Maybe none of this is totally shocking, but it does amuse me.


----------



## Satcomer (Sep 19, 2008)

This is not surprising to me. EveryOne thinks Microsoft is trying to change but it isn't. Microsoft's action at the VMWorld conference tells me Microsoft is out of control. Them using Macs is just them using an Ad agency and they never bother to properly research it. 

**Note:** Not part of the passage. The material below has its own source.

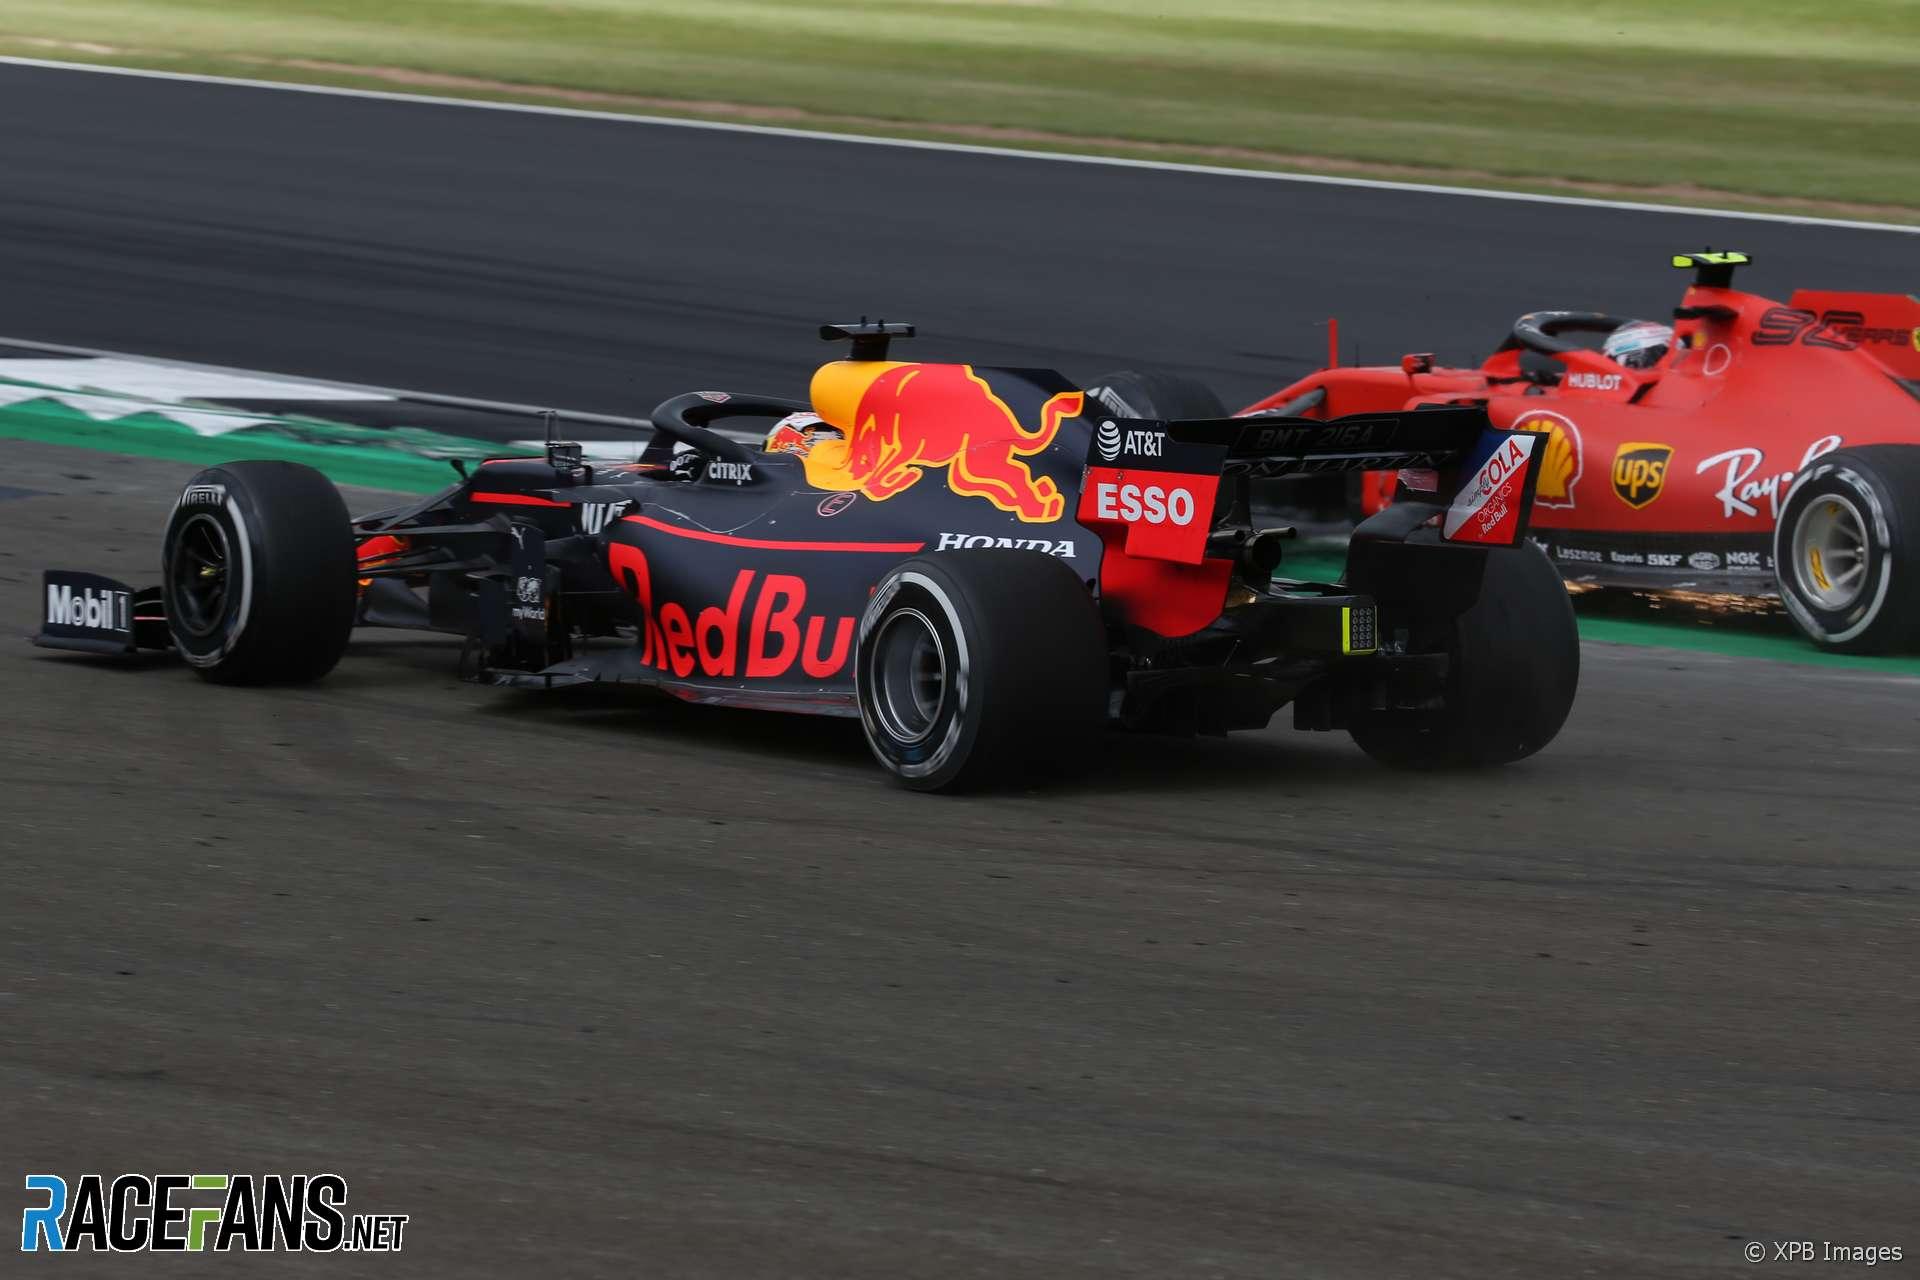 Charles Leclerc, Max Verstappen, Silverstone, 2019
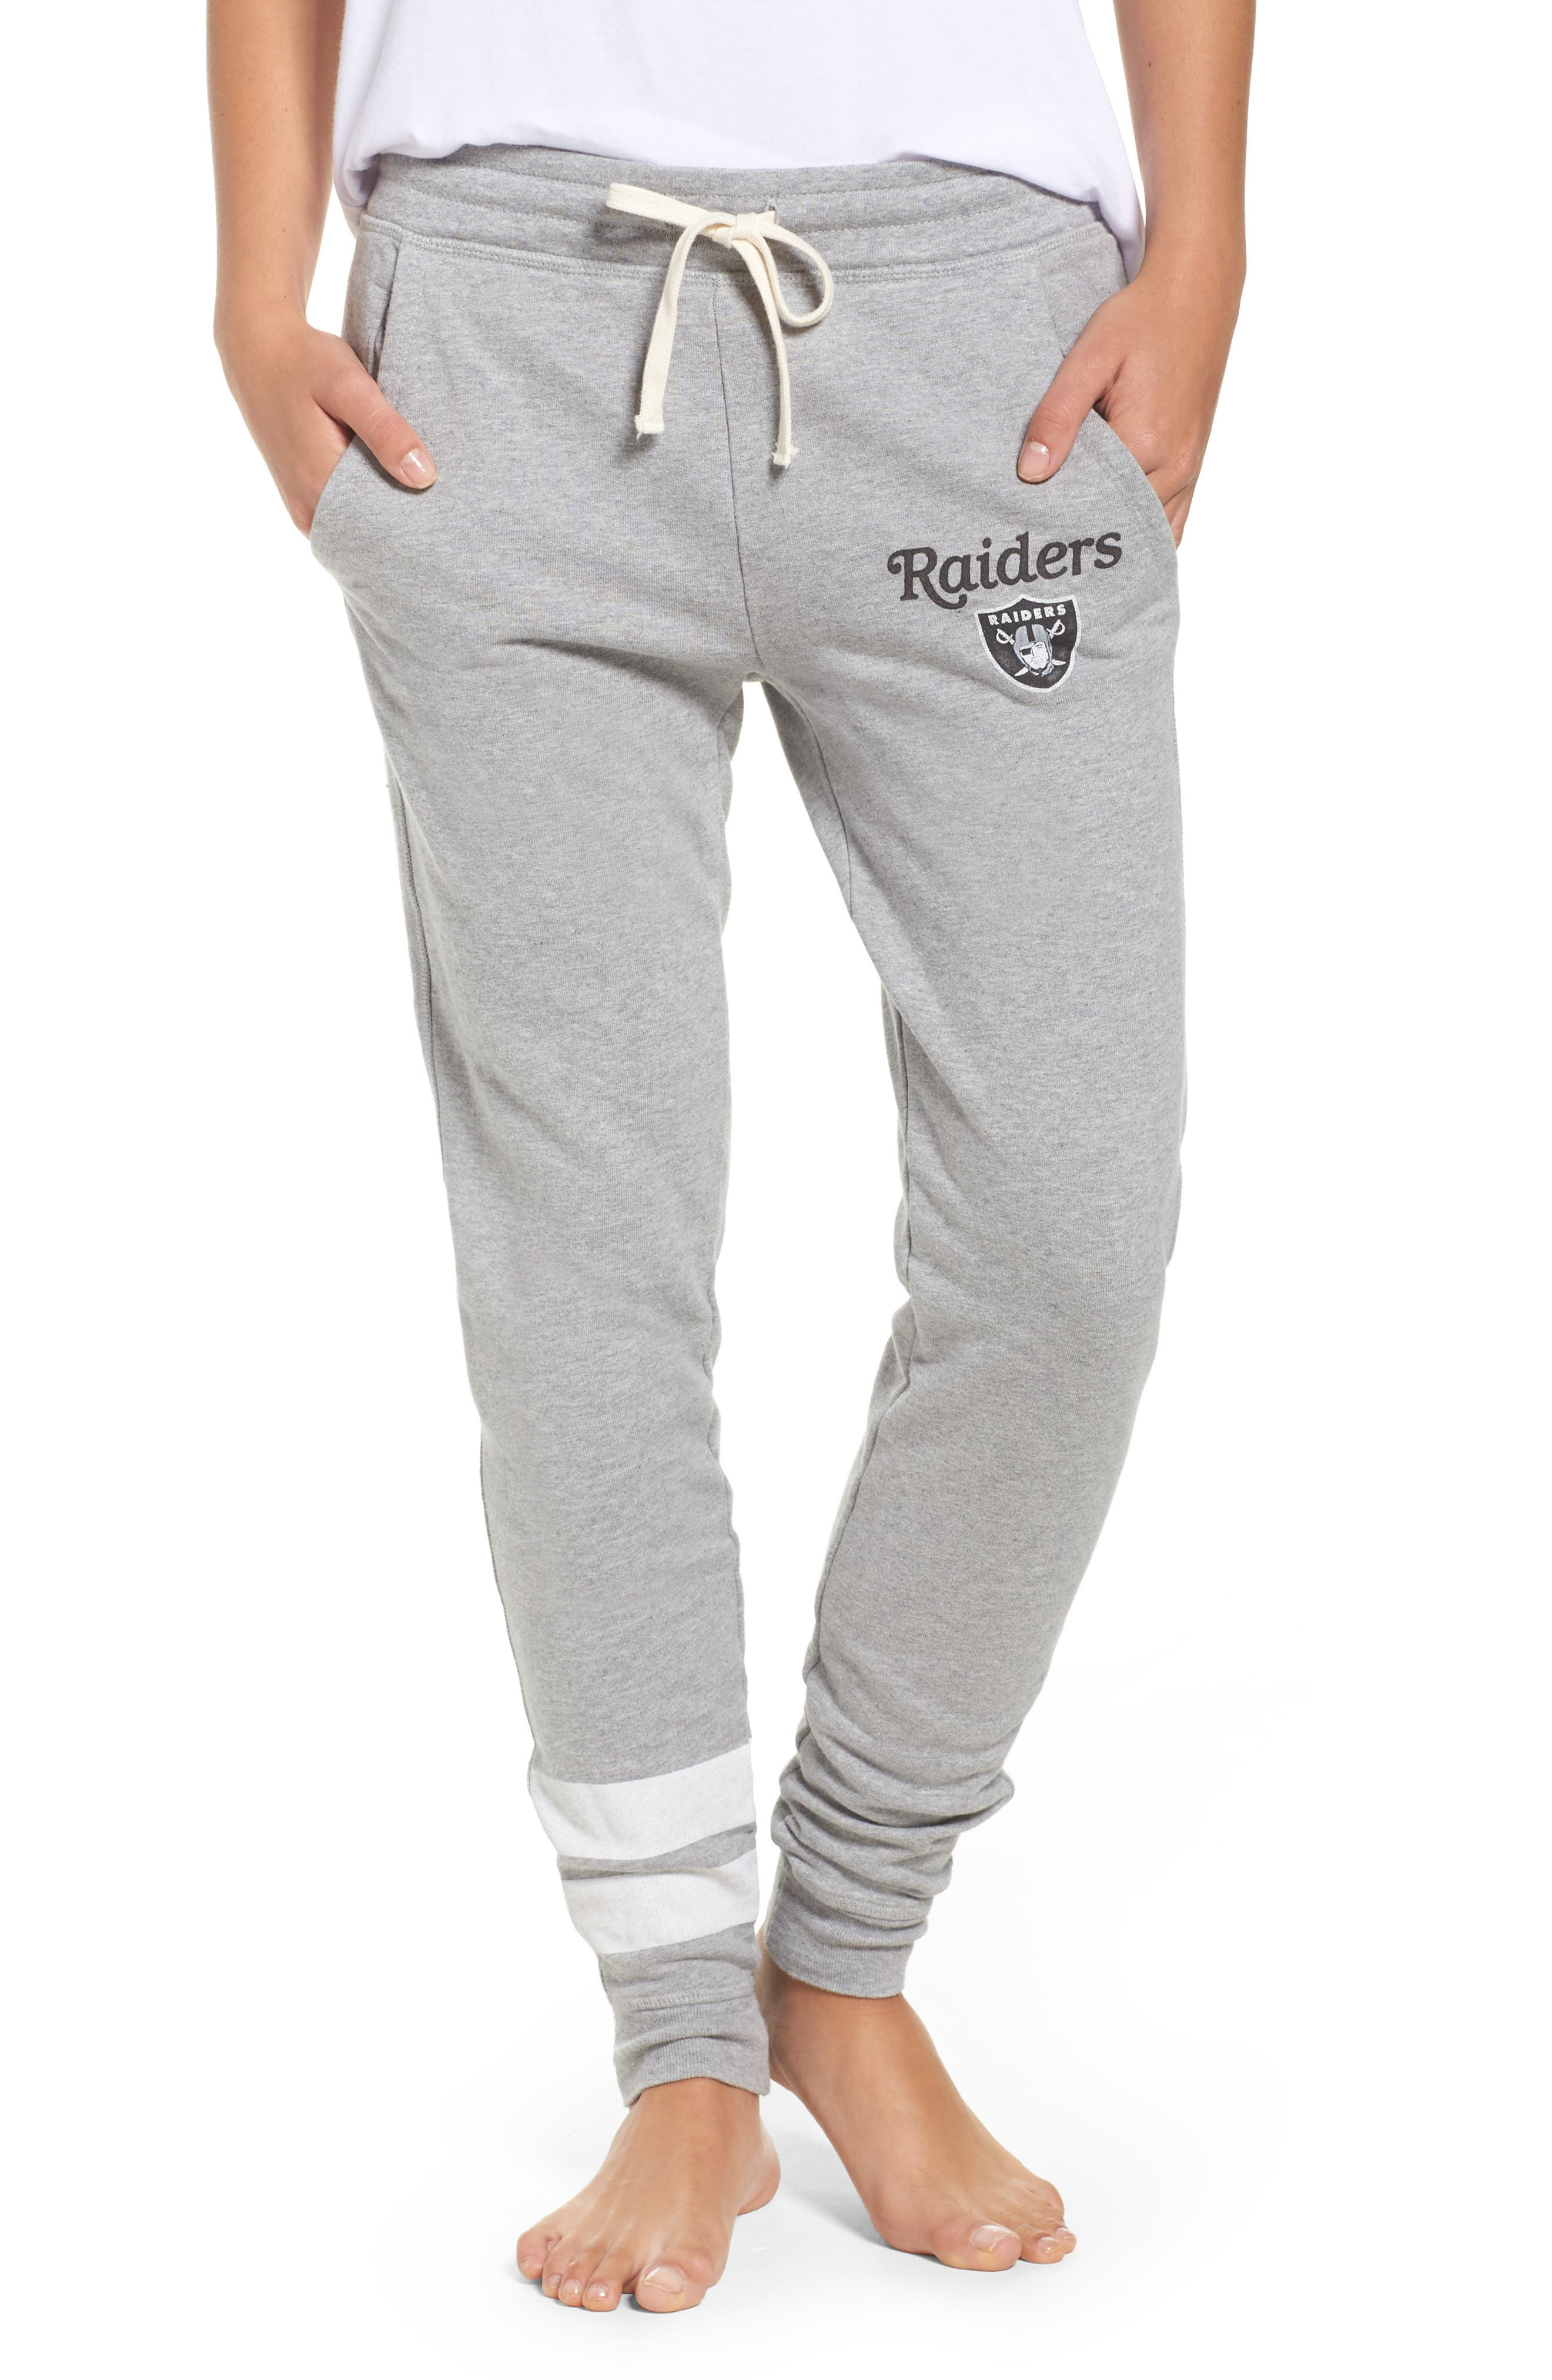 NFL Oakland Raiders Sweatpants,                         Main,                         color, 028

Their actions with is ad and at VMWorld and it tells me Microsoft is on the verge of loosing big in their tech dominance and are panicking.


----------



## Giaguara (Sep 20, 2008)

Satcomer you rule  I heard some rumors of that poker chip incident of theirs at work last week, but never hadn't really seen anything about that officially.


----------



## fryke (Sep 20, 2008)

I agree with Satcomer that this incident (the ad being made on Macs) is really simply MS using an ad agency - and they (of course) use Macs. About the other stuff: Weird, but I don't agree that MS is totally out of control and panicking (just yet).


----------



## bbloke (Sep 20, 2008)

Sure, I too suspect that the publicity involved Macs simply due to usage of an ad agency (which is one reason why I said none of this would be shocking, really).  Then again, it does sound like Macs are actually used by Microsoft as well (probably wider than just the Mac BU).  Just amusing, that's all.  

As for Microsoft's behavior at the VMWorld conference...  that's really quite poor.  It smacks of Microsoft being very childish.  To be honest, to have a corporation as large as this behave in such a way does send a message to me that they are feeling threatened.  It does not come across as the actions of a company that feels safe and in control.


----------



## Satcomer (Sep 20, 2008)

fryke said:


> About the other stuff: Weird, but I don't agree that MS is totally out of control and panicking (just yet).



In my world I have direct contact with Microsoft, Apple & RedHat reps all the time. My biggest surprise is when the powers to be SHOCKED everyone when they came out of the blue and asked me (in Front of the Microsoft rep) about using Linux servers instead of the long Microsoft contract that is coming to the end. I never saw such a shock on the Microsoft reps face before. According to our Dell rep Microsoft is loosing so many long standing in big organizations (because of server licensing fees)it is not funny. 

So Microsoft in my eyes are on the verge of loosing their bread and butter in server licensing fees (to Linux and surprising Apple servers) these days they are on the verge of some big losses. They have to be panicking.


----------



## Giaguara (Sep 21, 2008)

Being afraid of losing money is one thing... but they have not thought in these 10 years that well, _maybe_ some VMware customers are usually running some format of Windows in their virtualized environment, in which that 'some' consists of the vast majority.  Or then someone having VirtualCenter, and 20 ESX servers and Virtual Desktop Manager to run 30 x Windows 2003 and to have 200 Windows XP machines is not enough? I doubt MS would get more for the licenses if the same customers were using 30 physical servers with Windows 2003 and 200 OEM copies of XP. Having one thing run per physical server would be just enourmous waste of resources (including money, space, electricity...)

Maybe it's just thinking outside the MS box that they are still scared of?


----------